LLM Agent Frameworks

LangChain, LangGraph, CrewAI, AutoGen, and when to build your own — compared

tool → memory → plan → act the agent loop
orchestrate vs code the key choice
5 major frameworks in active use
Contents
  1. What makes a framework
  2. Landscape & comparison
  3. LangGraph deep dive
  4. CrewAI multi-role
  5. AutoGen conversational
  6. Decision guide
  7. Observability & tracing
01 — Foundation

What Makes a Framework?

An agent framework gives you tool dispatch, memory management, multi-step planning, and observability — instead of writing it yourself. Rather than stringing together 500 lines of glue code with OpenAI SDK calls, a framework provides the scaffolding.

Four Layers Every Agent Needs

(1) LLM interface layer: abstract the specific model (Claude, GPT-4, Llama).
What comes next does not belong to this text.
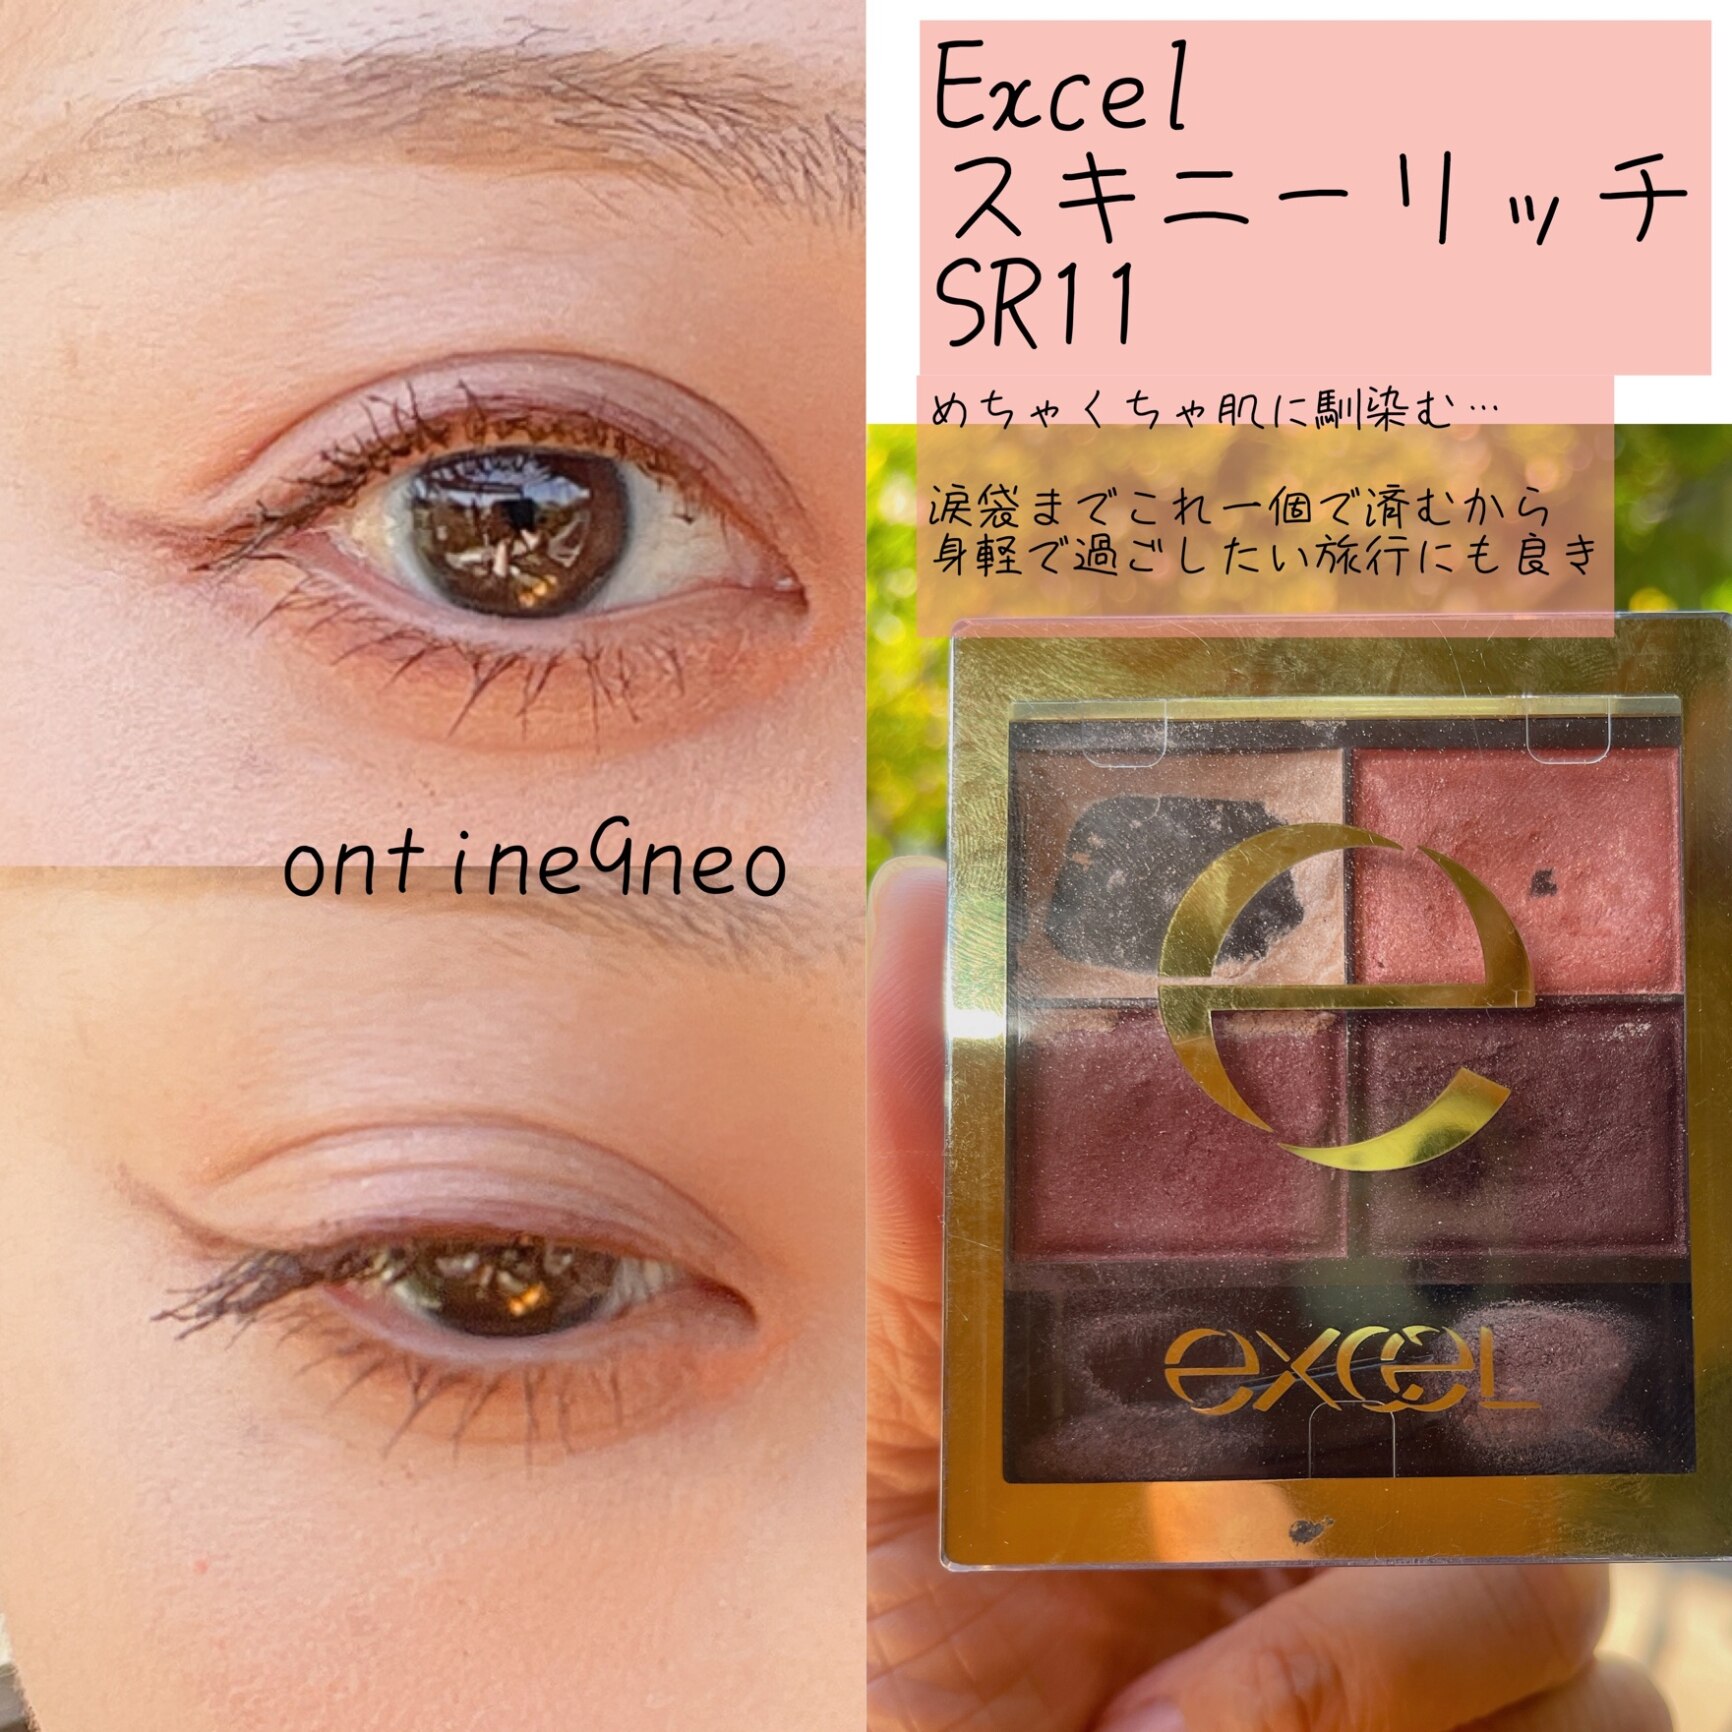 エクセル スキニーリッチシャドウ SR11 ブリックブラウン(4.3g)【エクセル(excel)】
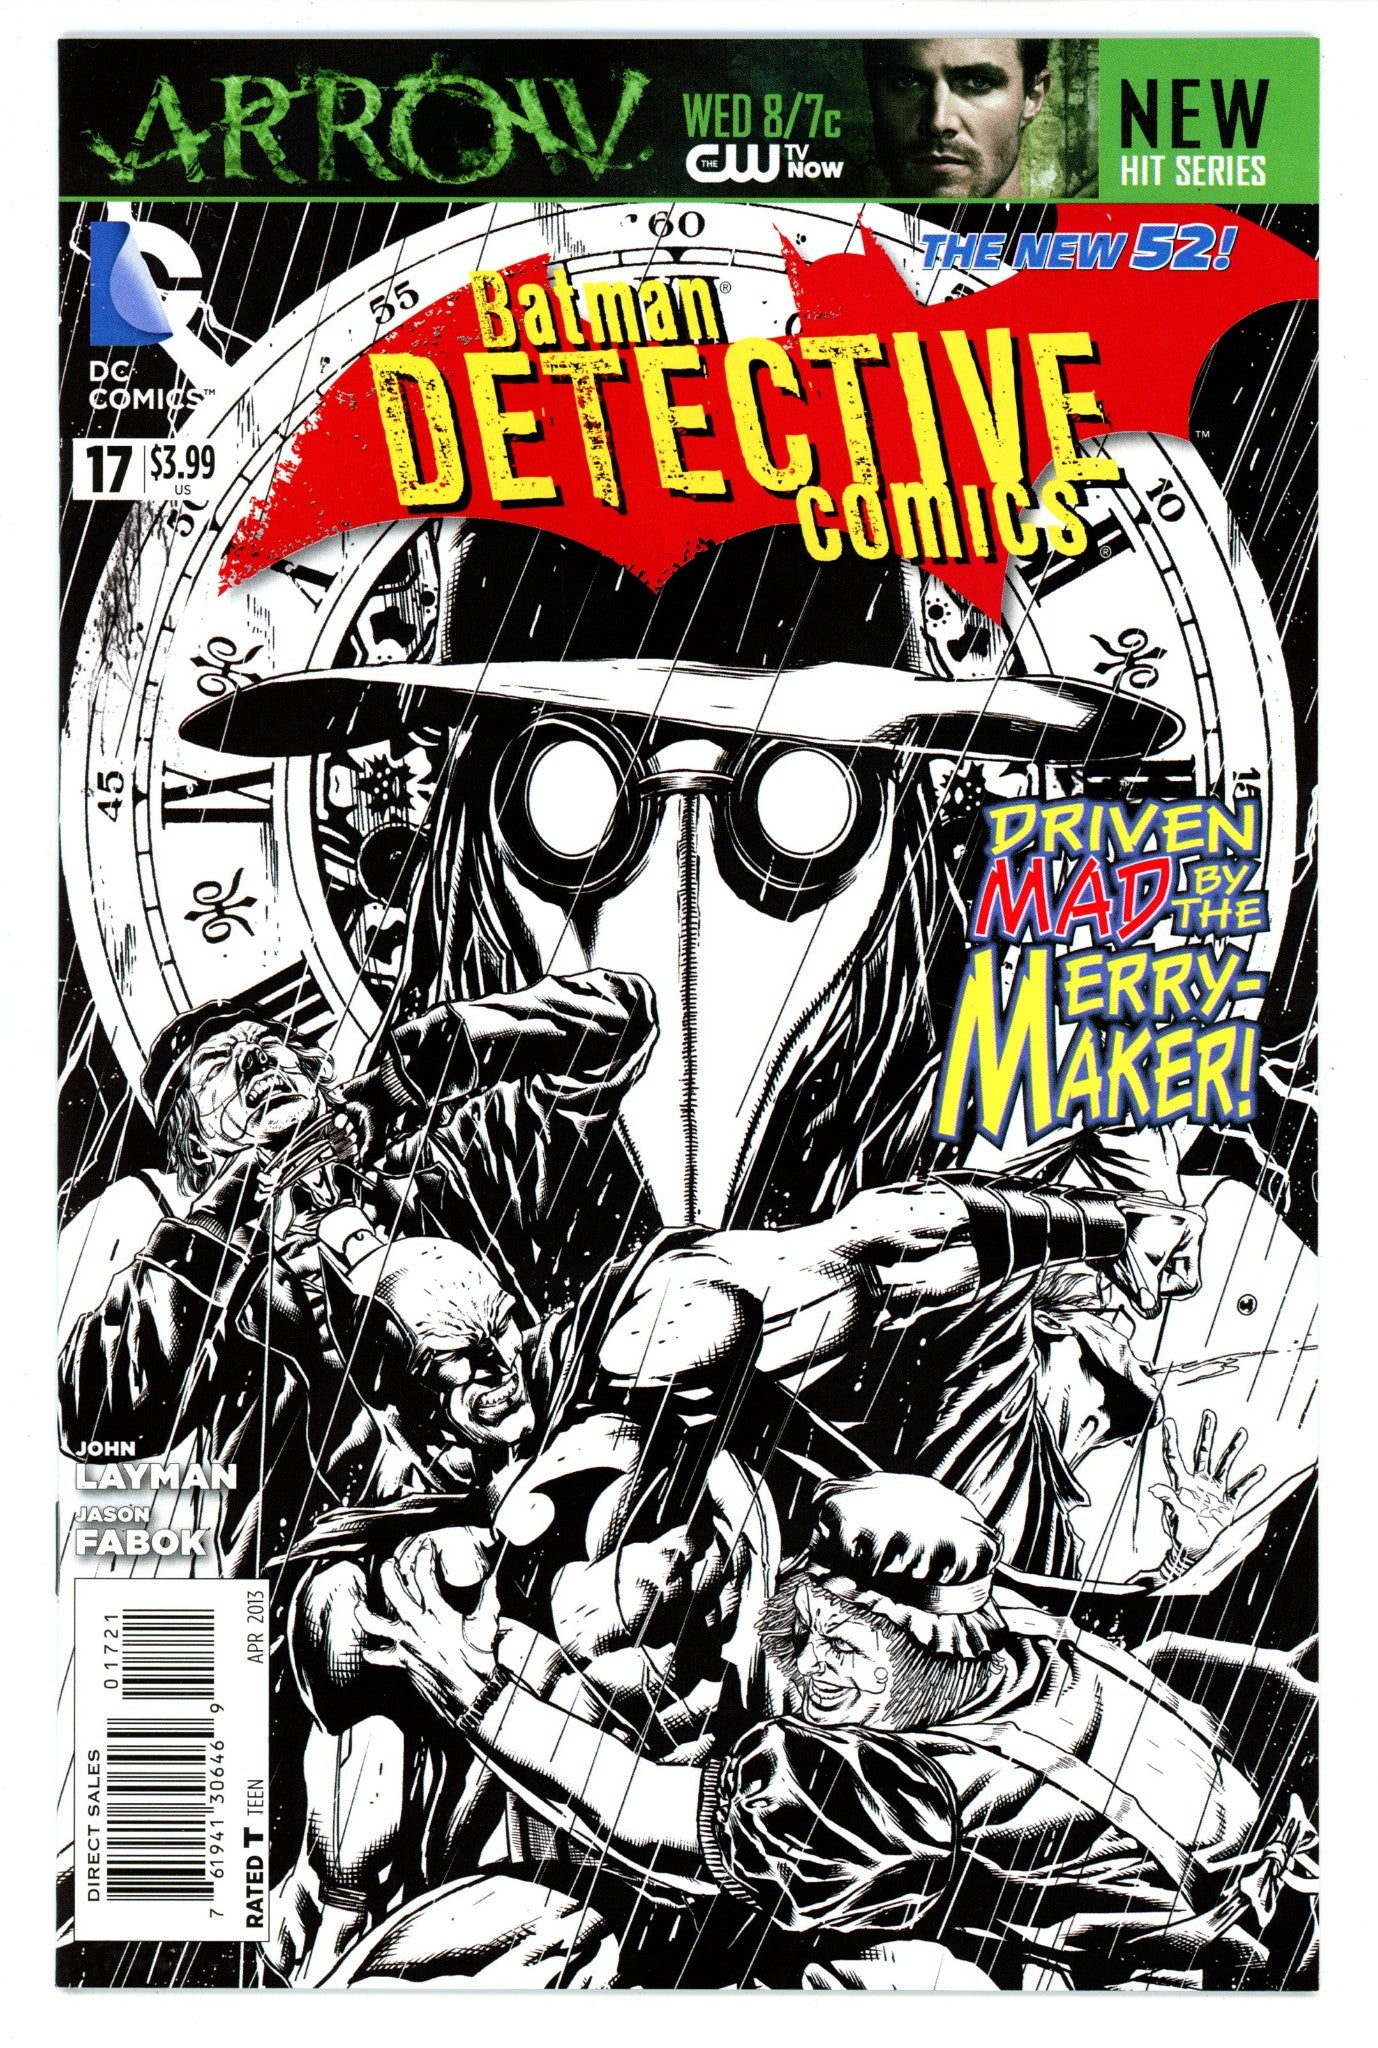 Detective Comics Vol 2 17 High Grade (2013) Fabok B&W Incentive Variant

Send structured prompts, parse tool calls, handle errors. (2) Tool registry: define what tools the agent has access to, their schemas, and how to execute them. (3) Memory/state store: persist conversation history, internal state, past decisions. (4) Orchestration loop: handle the agentic loop itself — reason, act, observe, update state, repeat.

Build vs buy question: frameworks accelerate prototyping but add abstraction overhead. Many teams start with a framework, then rewrite the hot path in plain Python when they hit production constraints.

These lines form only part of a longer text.